» Source material
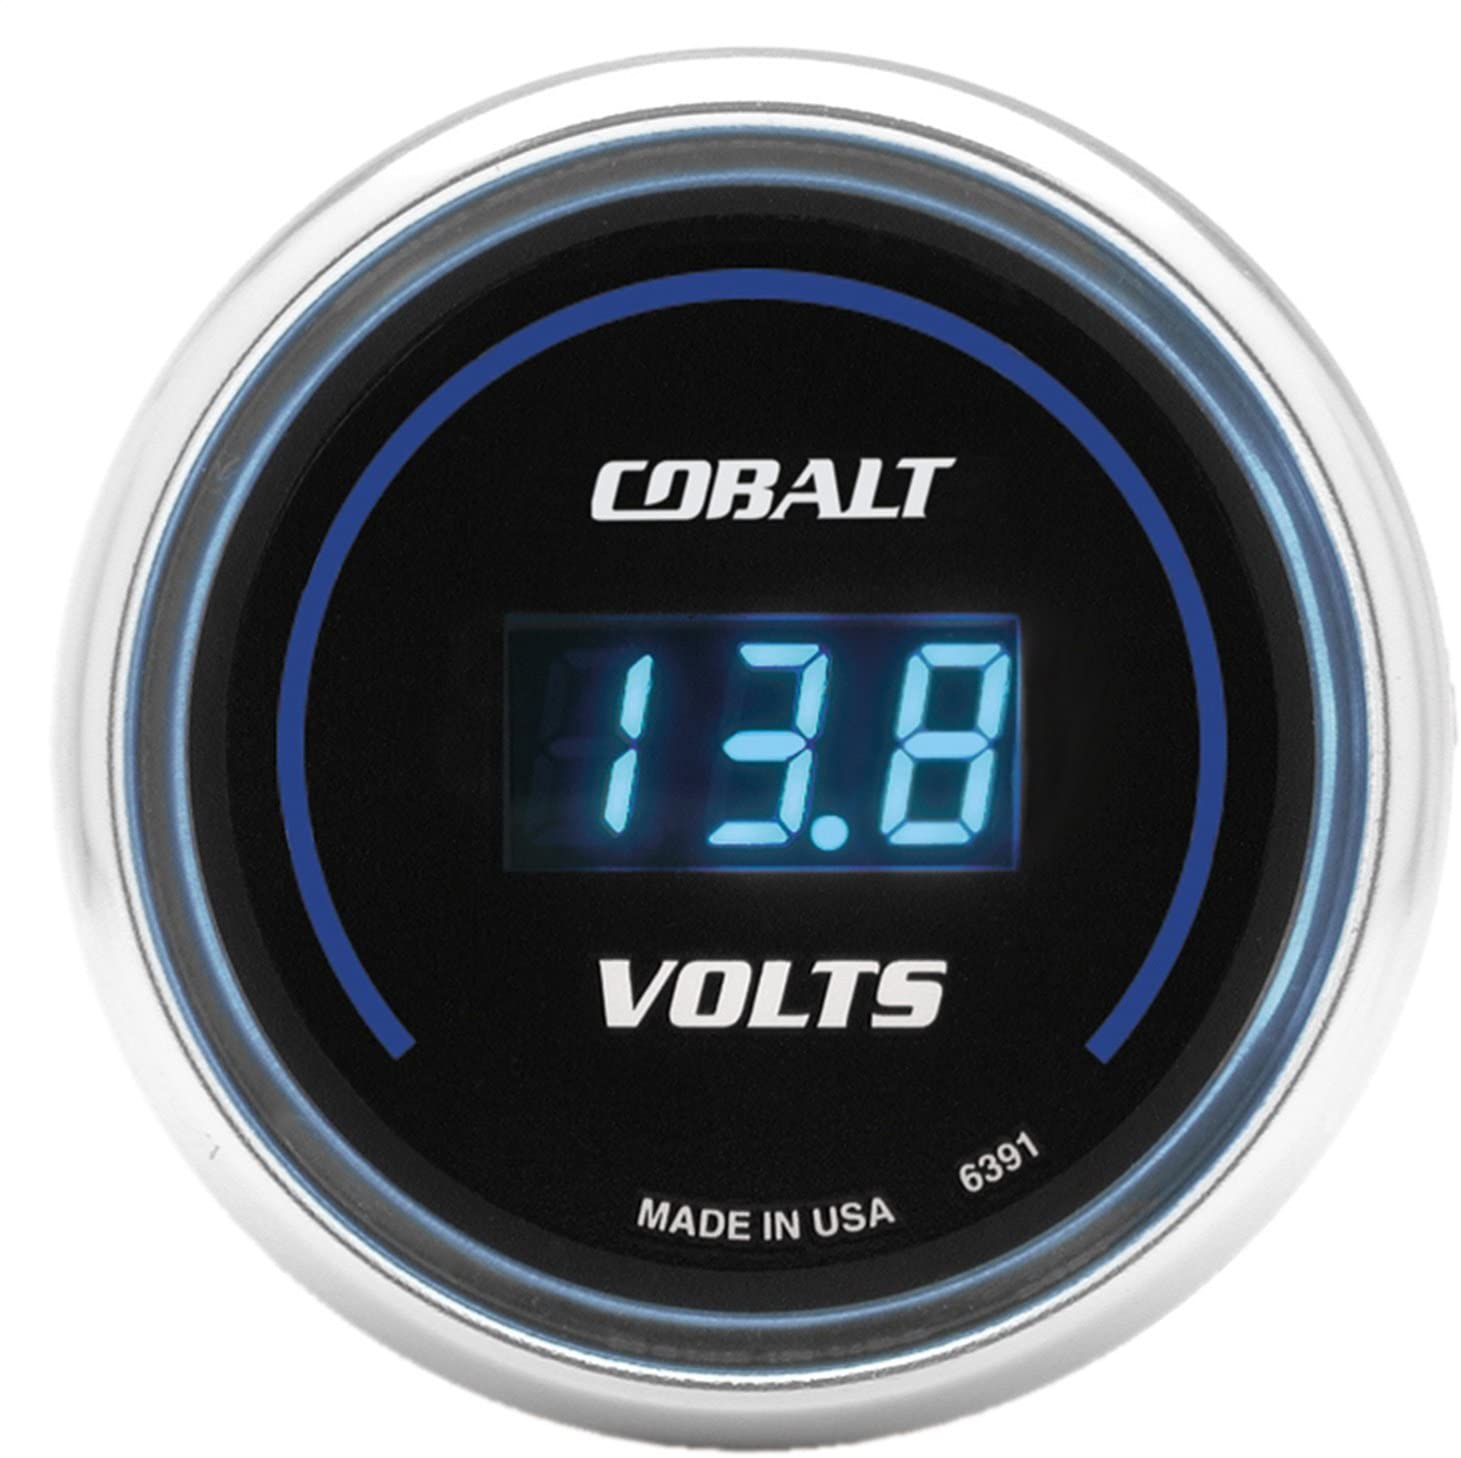 Auto Meter 6391 Cobalt Digital Voltmeter Gauge
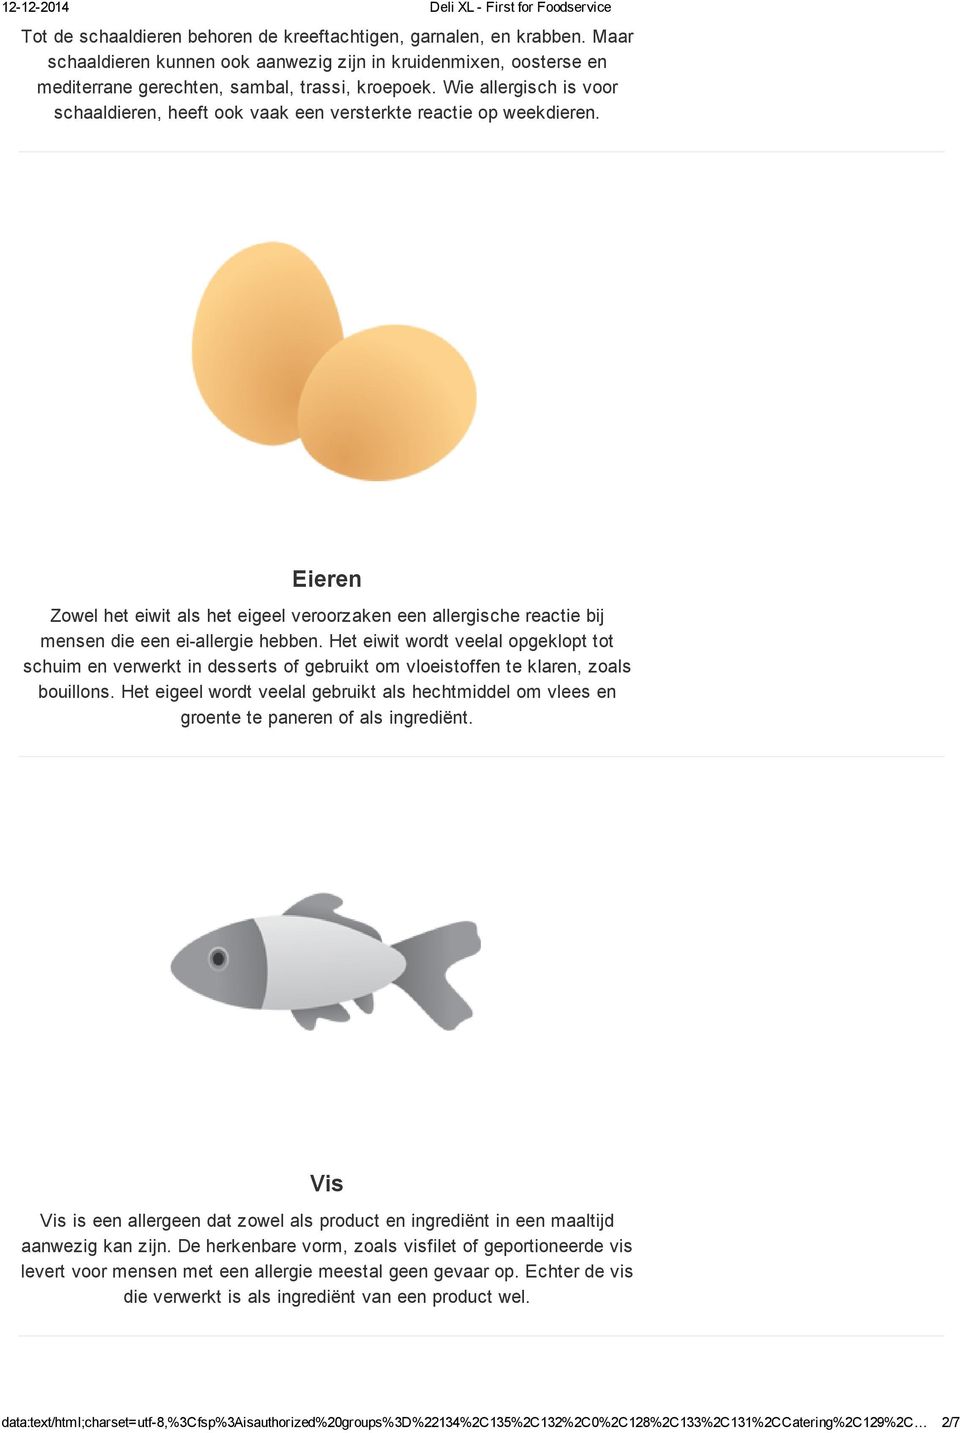 Eieren Zowel het eiwit als het eigeel veroorzaken een allergische reactie bij mensen die een ei allergie hebben.
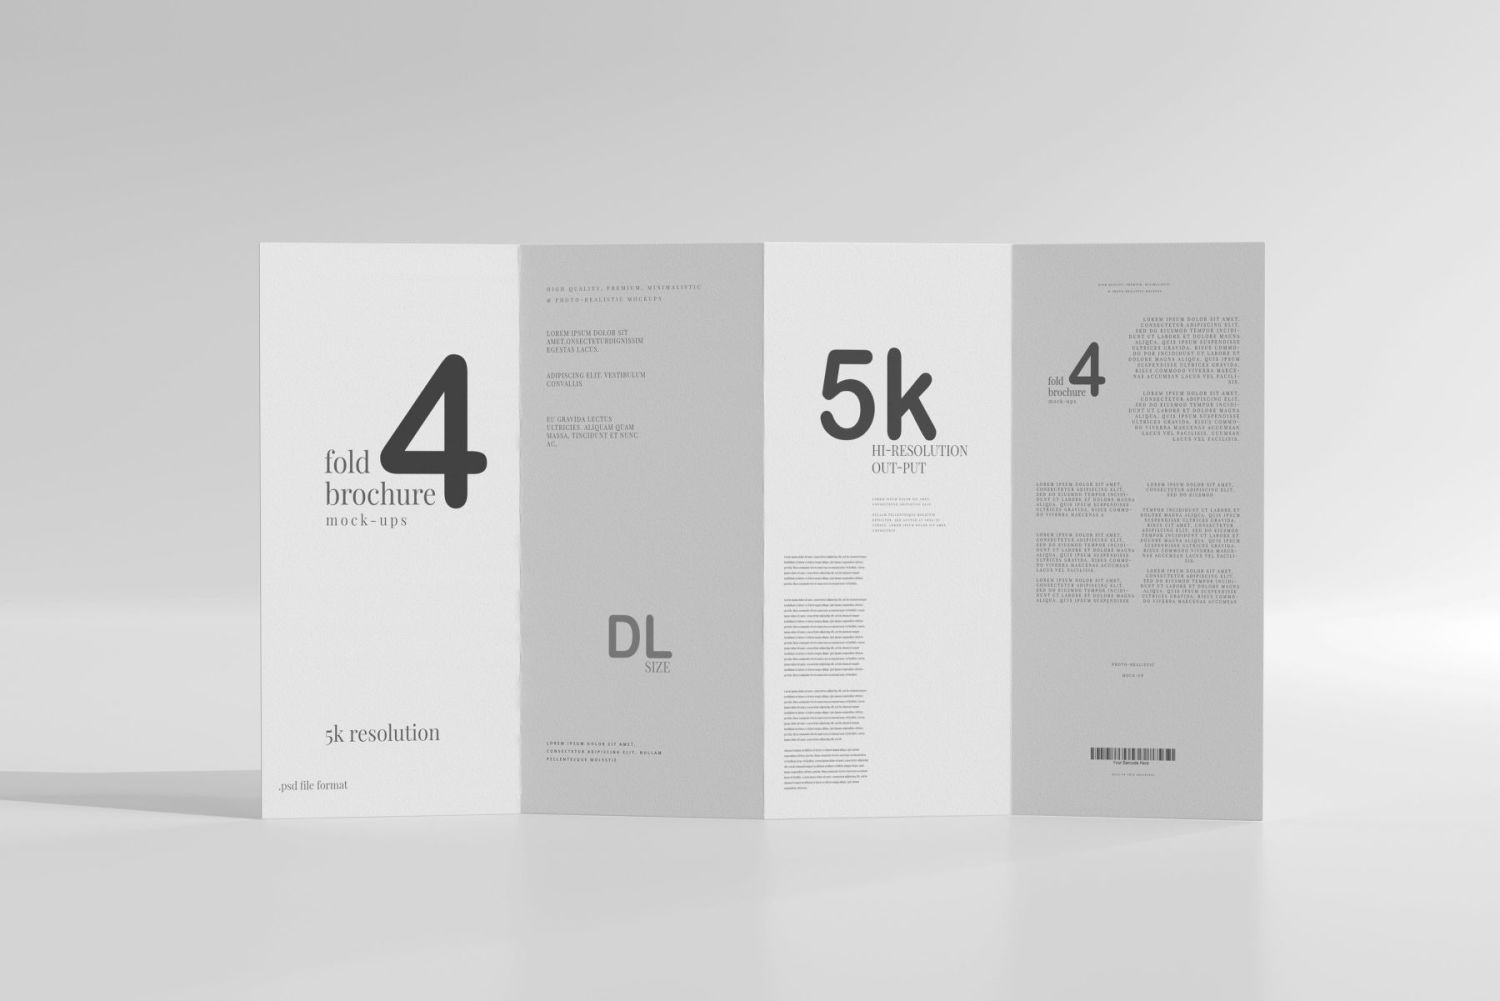 DL尺寸四折宣传册样机 Four Fold DL Brochure Mockups插图31

» Assignment
Exact copy, no pictures: reproduce the whole listing above.

» Solution
 Auto Meter 6391 Cobalt Digital Voltmeter Gauge
 Eieren Zowel het eiwit als het eigeel veroorzaken een allergische reactie bij mensen die een ei allergie hebben.
 DL尺寸四折宣传册样机 Four Fold DL Brochure Mockups插图31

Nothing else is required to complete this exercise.